First edition (publ. Dell Books)
Cover art by George Barr

Space War Blues is a science fiction novel by American writer Richard A. Lupoff. It is a fixup of several previously published pieces, the longest of which, "With the Bentfin Boomer Boys on Little Old New Alabama" (hereinafter “WTBBB”), first appeared in Harlan Ellison's 1972 anthology Again, Dangerous Visions. In his introduction to the novella, Ellison wrote: "It is so audacious and extravagant a story that it becomes one of the three or four really indispensable reasons for doing this book. Frankly, had no other story than this one been written for A,DV—the book would be worth reading." The story appeared on the final Nebula Award ballot for Best Novella of the Year.

==History==
Lupoff wrote the book over a period of almost eleven years. He began writing “WTBBB” in 1967, submitting the first three chapters of the 36,000-word novella to Harlan Ellison. With Ellison's encouragement, Lupoff expanded it to the 38,000-word version he turned in to Ellison in February 1969. Henry Morrison, Lupoff's agent, submitted this version to Dell, which became interested in publishing “WTBBB” as a possible stand-alone “slim” novel. Lupoff's contract with Ellison prohibited any prior appearance of stories slated for Again, Dangerous Visions, and along with the delay in ADV's publication, the deal with Dell fell through.

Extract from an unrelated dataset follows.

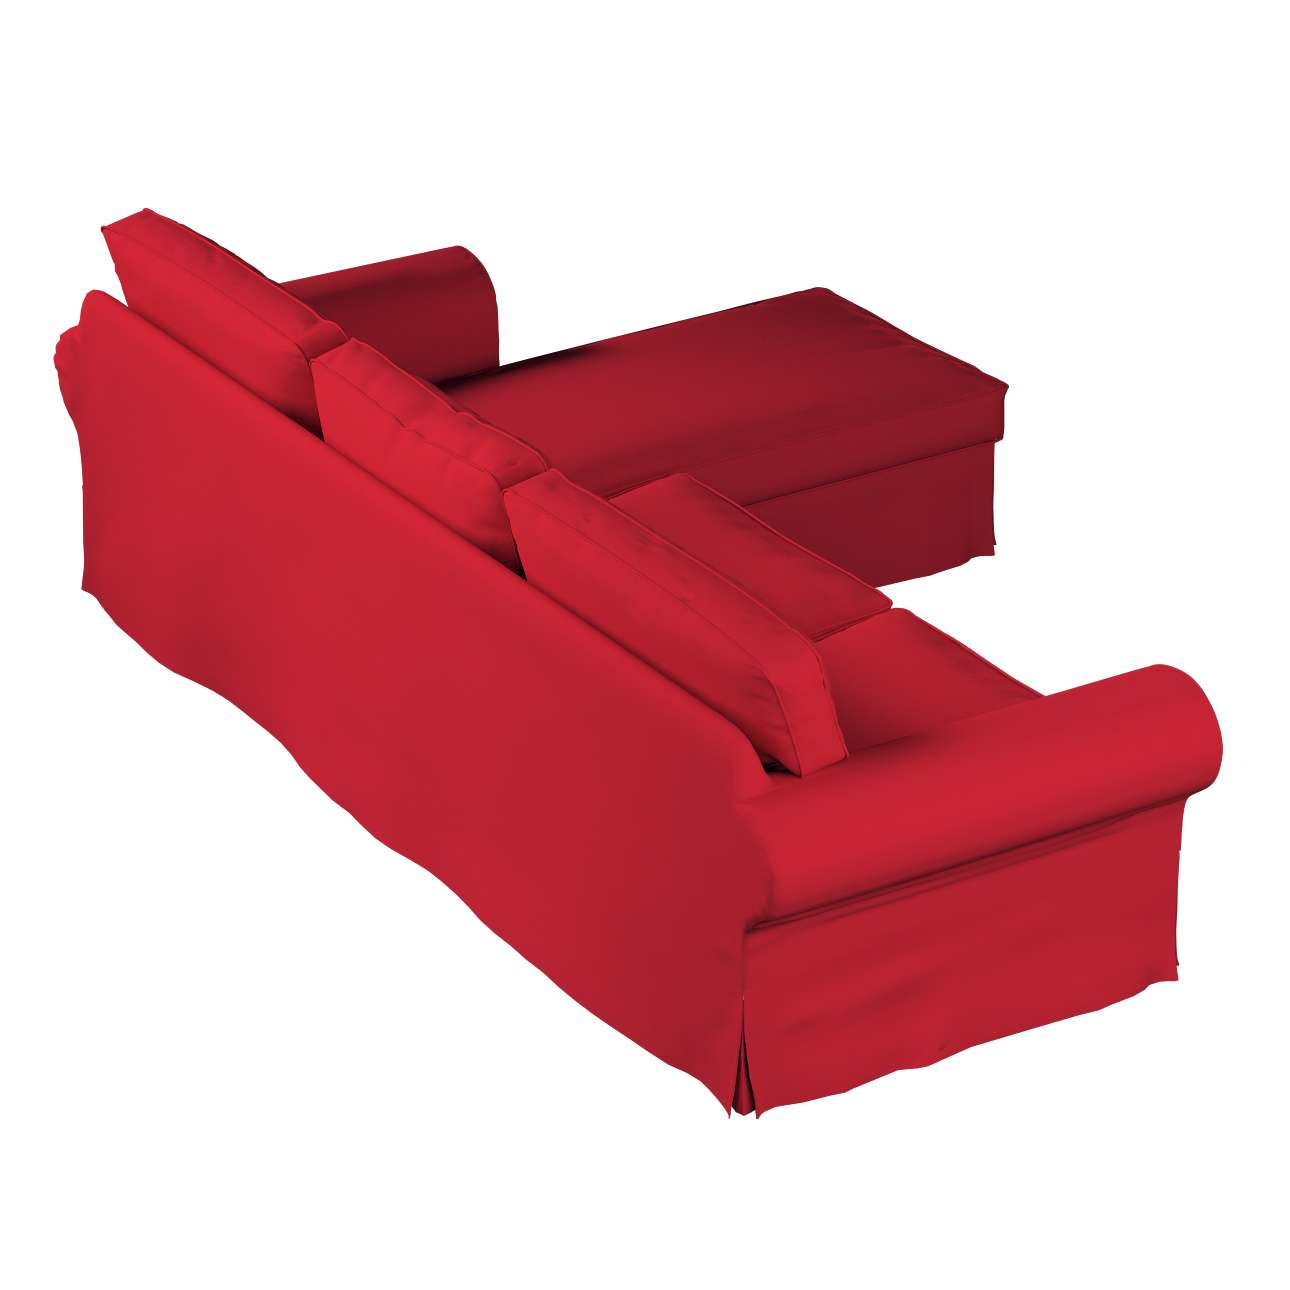 Pokrowiec na sofę Ektorp 2-osobową i leżankę sofa ektorp 2-os. i leżanka w kolekcji Cotton Panama, tkanina: 702-04

In 1973, Lupoff wrote a pair of stories which, while directly related to each other, were tangential to the main storyline of "WTBBB". These stories, "After the Dreamtime" and "Sail the Tide of Mourning", were published in the fourth and fifth volumes of Robert Silverberg’s original anthology series New Dimensions. Both stories were on the final Hugo Award ballot of their respective years, and "Sail the Tide of Mourning" was on the 1975 Nebula Awards ballot. Another story, "The Bentfin Boomer Girl Comes Thru", closer in style to "WTBBB", was published by editor Ted White in Amazing Stories magazine. These pieces are intertwined throughout the novel (see Contents below for a chapter-by-chapter breakdown.) After a succession of editors at Dell, a 70,000-word version of the novel was finally published in paperback in June 1978, with a hardcover reprint two years later by Gregg Press, aimed primarily at libraries.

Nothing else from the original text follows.